Logging in to a web site with Python (urllib,urlli

2019-07-20 16:11发布

问题:

Preface: I understand that there are many responses for similar questions such as this on stack overflow. However, I haven't found anything relating to aspx log ins, nor an exact case such as this.

Problem: I need to determine what information is necessary in order to log in to https://cableone.net/login.aspx in order to scrape information from there.

Progress: Thus far I have found input fields in the source of login.aspx and have scrapped together a script in python with urllib,urllib2,and cookielib. I ignored anythig that had a blank value in my script.

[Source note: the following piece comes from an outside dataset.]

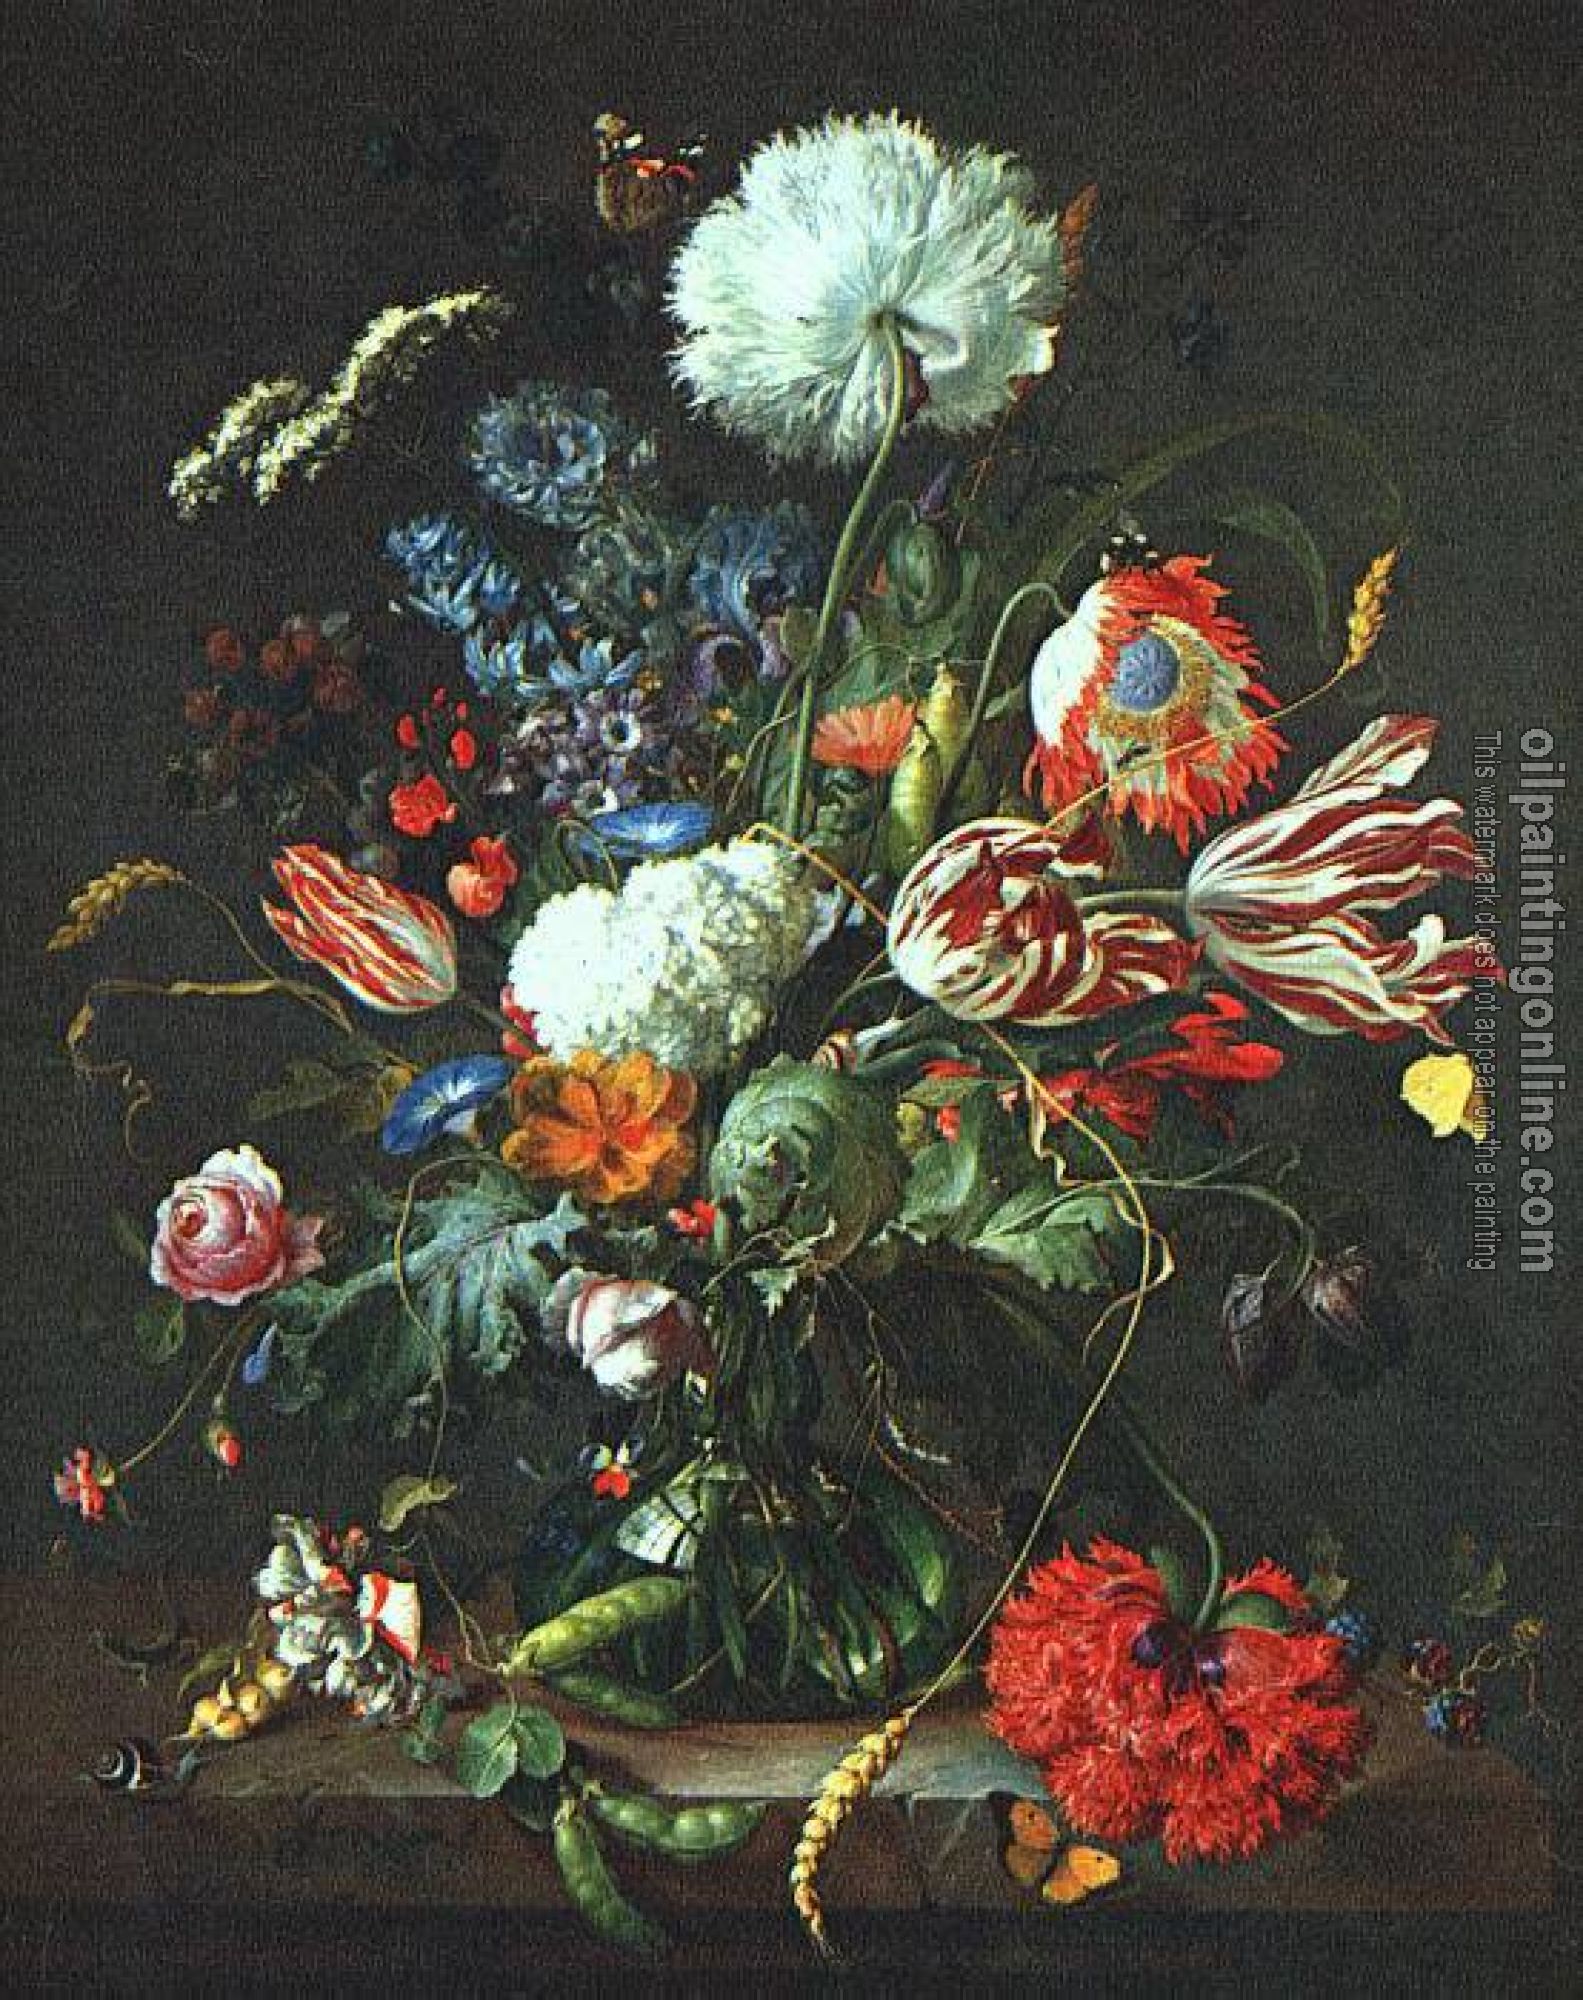 Heem, Jan Davidsz de - Vase of Flowers

<input type="hidden" name="__EVENTTARGET" id="__EVENTTARGET" value="" />
<input type="hidden" name="__EVENTARGUMENT" id="__EVENTARGUMENT" value="" />
<input type="hidden" name="__VIEWSTATE" id="__VIEWSTATE"value="/wEPDwUIMzc1NzEwOTZkZFAEfkjXC+VNsqYoayGxa5/q4srT" />
<input type="hidden" name="__EVENTVALIDATION" id="__EVENTVALIDATION" value="/wEWBAK6lKDUCwLVx7ufCQL/+N3OBwLFgNGYD6KeUd6uNDBwc5zcR0u4hqrwv1fM" />
<input name="ctl00$plhMain$txtUserName" type="text" id="ctl00_plhMain_txtUserName" />
<input name="ctl00$plhMain$txtPassword" type="password" id="ctl00_plhMain_txtPassword" />
<input type="submit" name="ctl00$plhMain$btnLogin" value="Login" id="ctl00_plhMain_btnLogin" />

I then utilized the above input values with python and urllib in the following.

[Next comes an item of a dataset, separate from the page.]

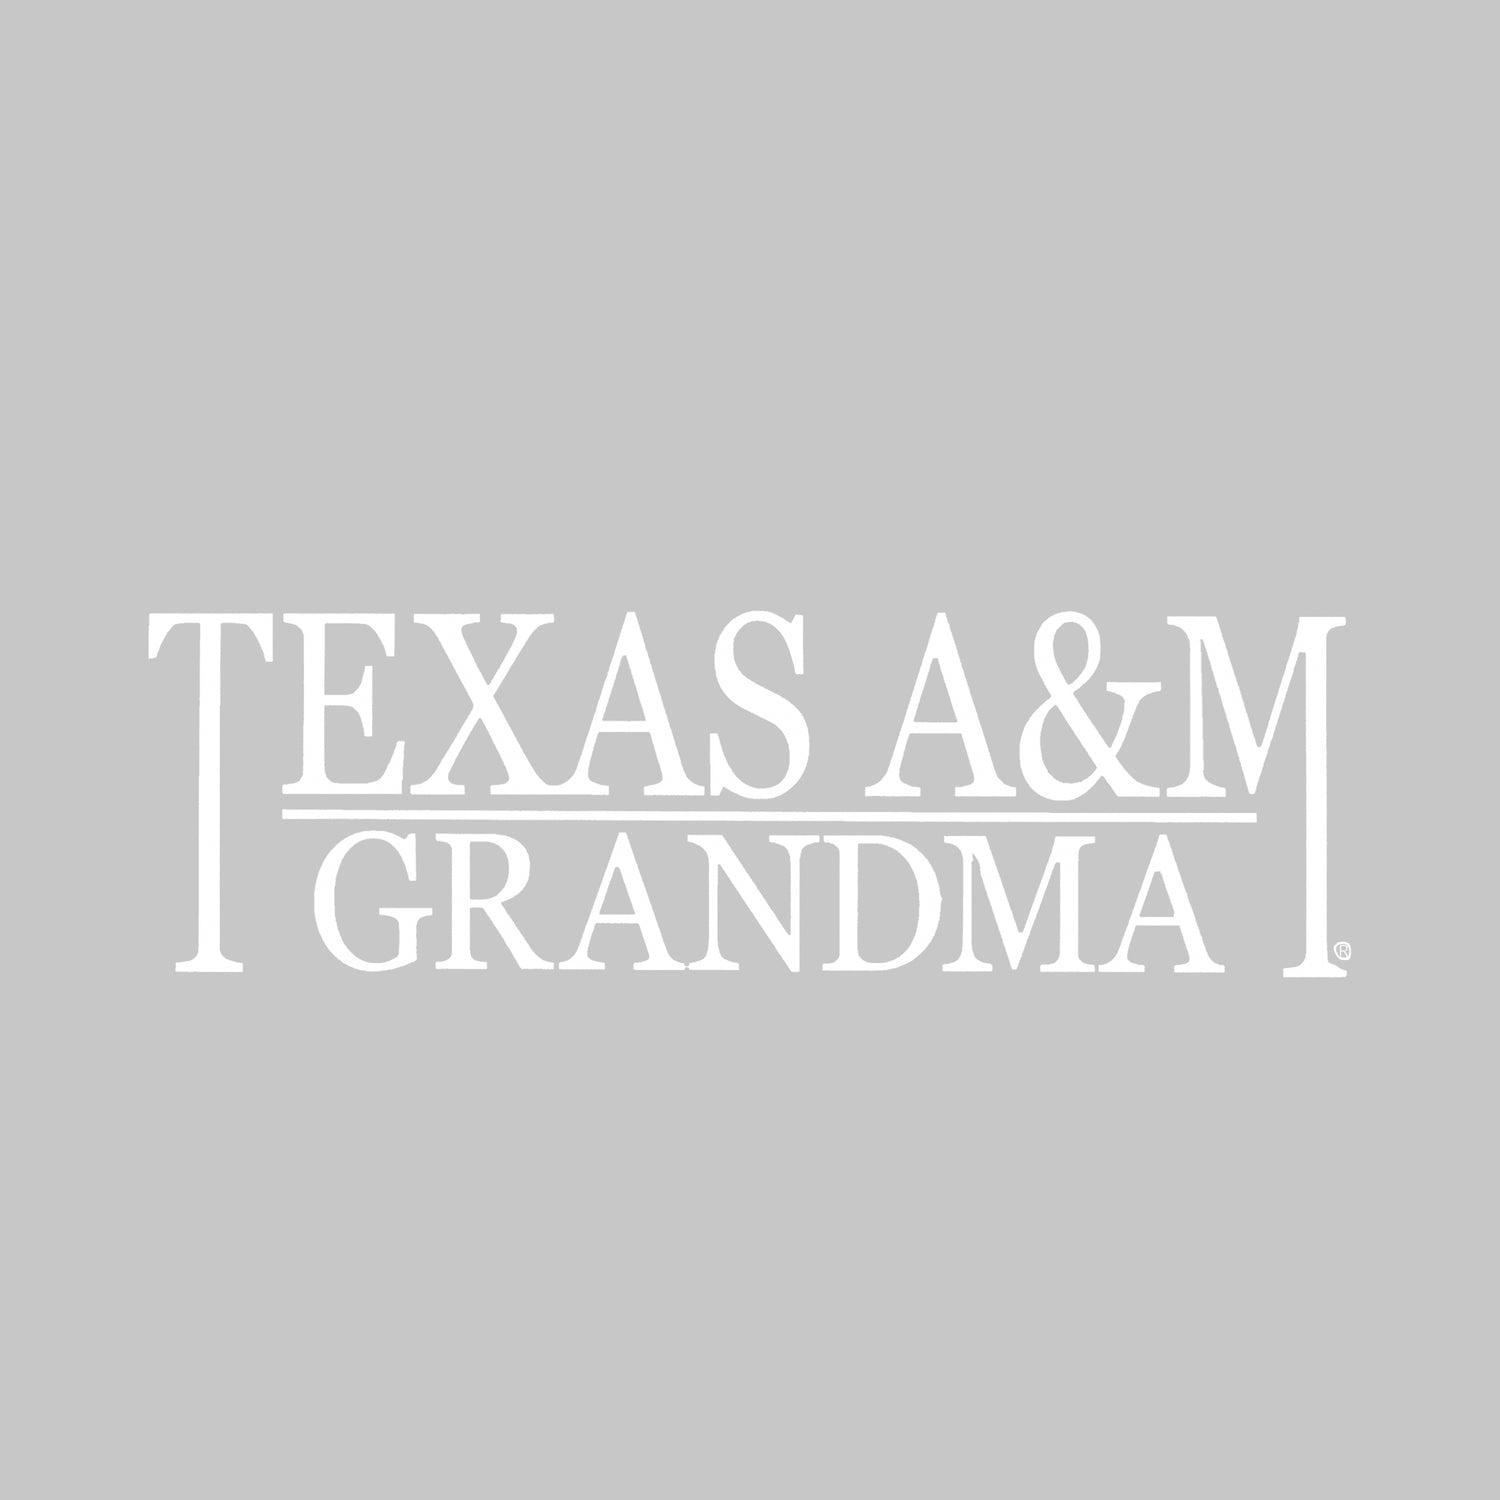 Texas A&M Grandma Vinyl Decal

import urllib, urllib2, cookielib
from cookielib import CookieJar


url = 'https://myaccount.cableone.net/Login.aspx'

cj = CookieJar()
opener = urllib2.build_opener(urllib2.HTTPCookieProcessor(cj))
cookies = cookielib.CookieJar()

#determine what I need to change with these values 
formValues = {
    "__VIEWSTATE":"/wEPDwUIMzc1NzEwOTZkZFAEfkjXC+VNsqYoayGxa5/q4srT",
    "__EVENTVALIDATION":"/wEWBAK6lKDUCwLVx7ufCQL/+N3OBwLFgNGYD6KeUd6uNDBwc5zcR0u4hqrwv1fM",
    "ctl00$plhMain$txtUserName":"myAccount",
    "ctl00$plhMain$txtPassword":"myPassword"
    }

data = urllib.urlencode(formValues)

response = opener.open("https://myaccount.cableone.net/Login.aspx",data)
thePage = response.read()
httpheaders = response.info()
print thePage 

回答1:

The approach you outlined will be difficult if the form is dynamic in any way. A more universal way is to install Google Chrome Canary which has good developer tools, click "inspect page", then go to "Network" tab, and mark "Preserve log". (You may need the Canary version, because the regular one doesn't catch some of the data if I'm not mistaken)

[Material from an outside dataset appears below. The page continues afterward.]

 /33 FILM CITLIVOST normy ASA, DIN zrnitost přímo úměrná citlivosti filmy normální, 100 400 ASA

With all this open, click "login", and you'll see all the requests and headers and POST data. This will give you all the POST data that is sent to the server.

Now, you can test the data in your script, and remove it one by one. Another option for testing the requests is to use Advanced REST Client, by the way.